Computational Fluid Dynamics: A Review of Foundations, Methods, and Emerging Machine Learning Approaches
Computational Fluid Dynamics: A Review of Foundations, Methods, and Emerging Machine Learning Approaches
1V.Padma Anuradha, Associate Professor, Department of Mathematics, NTRGDCW(A), Mahabubnagar
Abstract
Computational Fluid Dynamics (CFD) has become an indispensable tool for analyzing and predicting fluid flow behavior across aerospace, automotive, energy, biomedical, and environmental engineering. This review surveys the theoretical foundations of CFD, including the governing Navier-Stokes equations, and examines the principal numerical discretization strategies used to solve them: finite difference, finite volume, and finite element methods.

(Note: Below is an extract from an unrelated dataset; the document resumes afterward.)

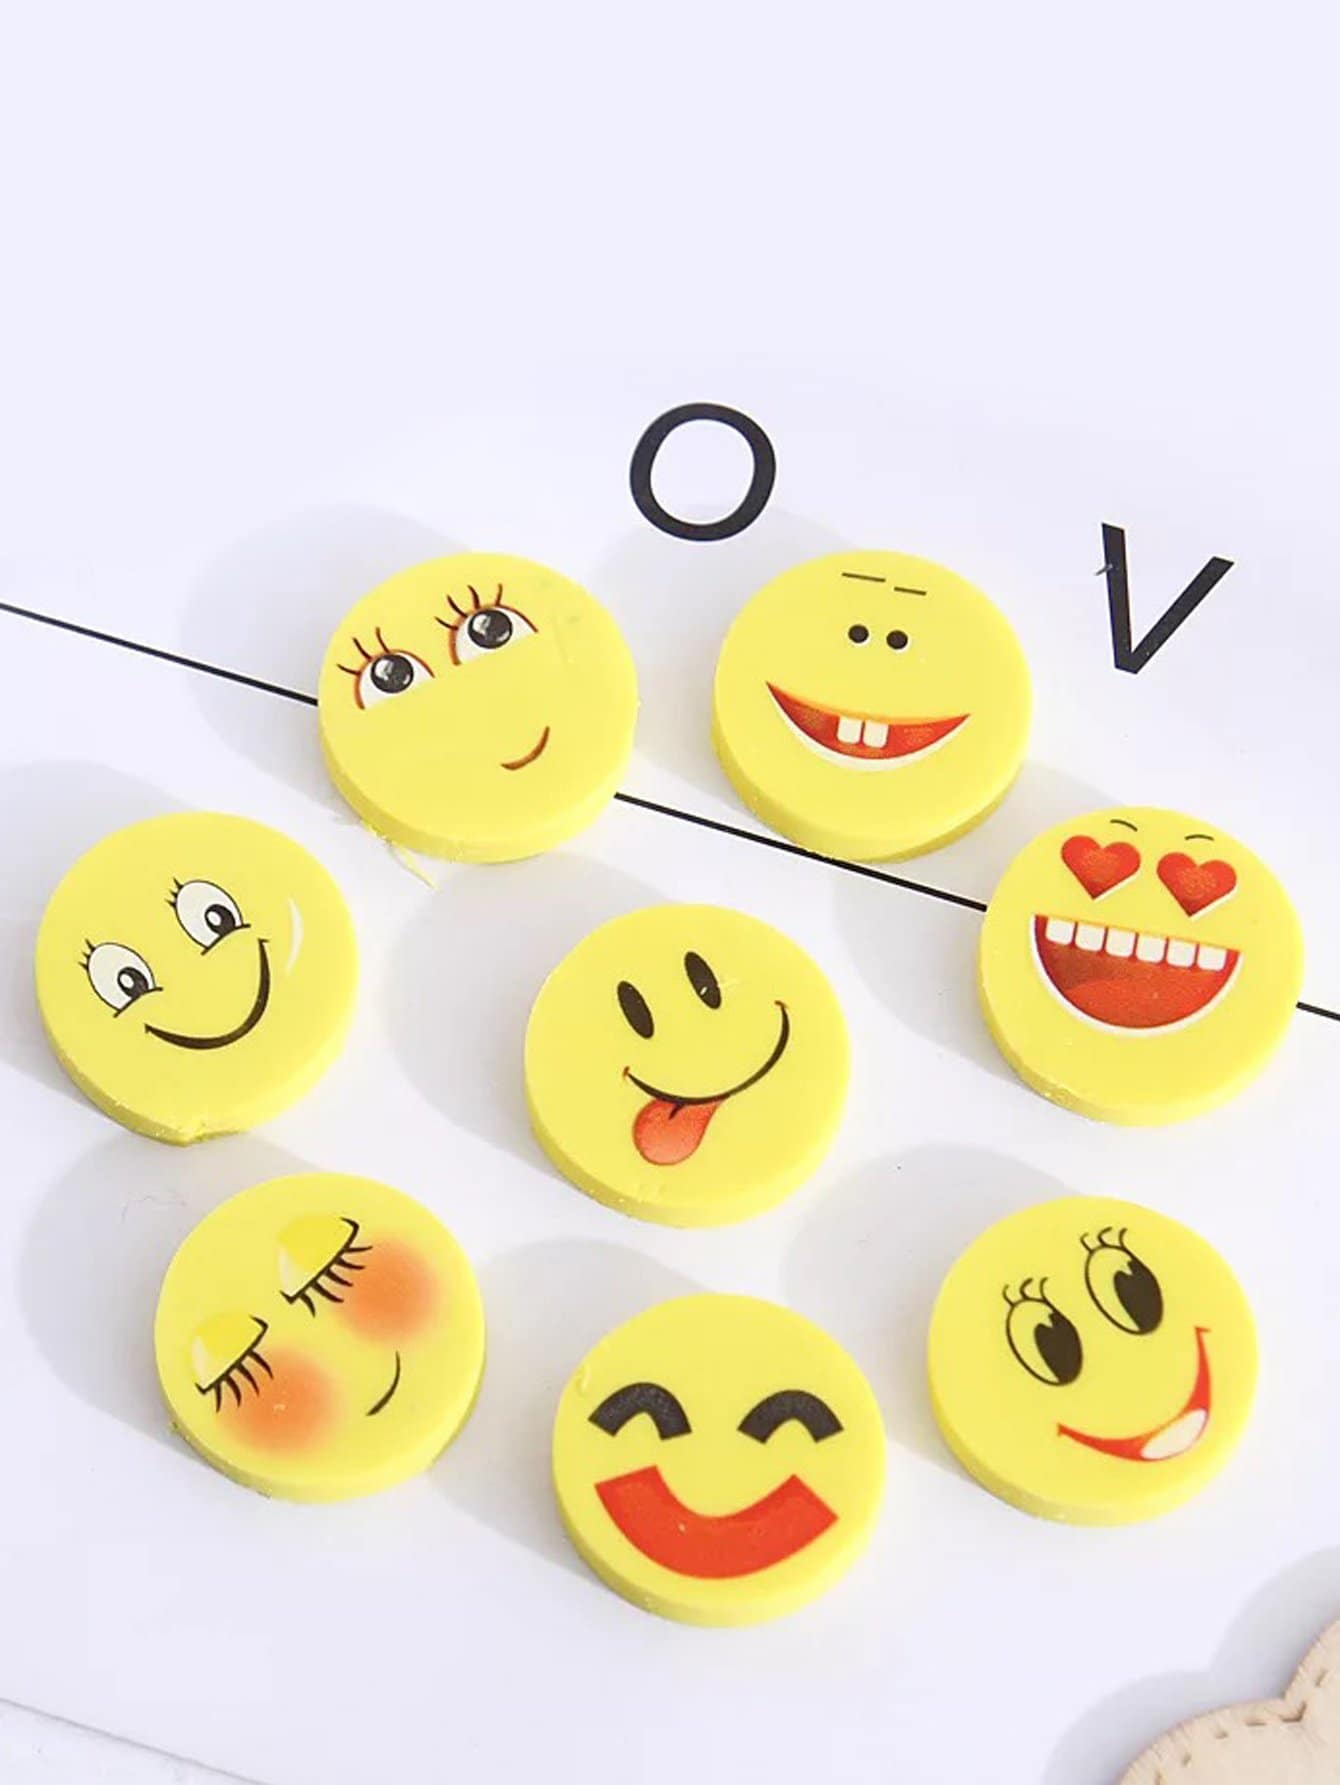 Random Emoji Eraser 4pcs random color eraser 1pc

Particular attention is given to turbulence modeling approaches, from Reynolds-Averaged Navier-Stokes (RANS) formulations through Large Eddy Simulation (LES) and Direct Numerical Simulation (DNS), highlighting the trade-offs between computational cost and fidelity. The review then turns to one of the most active areas of contemporary research: the integration of machine learning (ML) and deep learning techniques into CFD workflows. Surrogate modeling, physics-informed neural networks, and data-driven turbulence closures are discussed as mechanisms for accelerating simulations while preserving physical consistency. The paper concludes by outlining persistent challenges, including generalizability, interpretability, and validation of ML-augmented models, and by identifying promising directions for future research, including hybrid physics-ML frameworks and digital twin integration.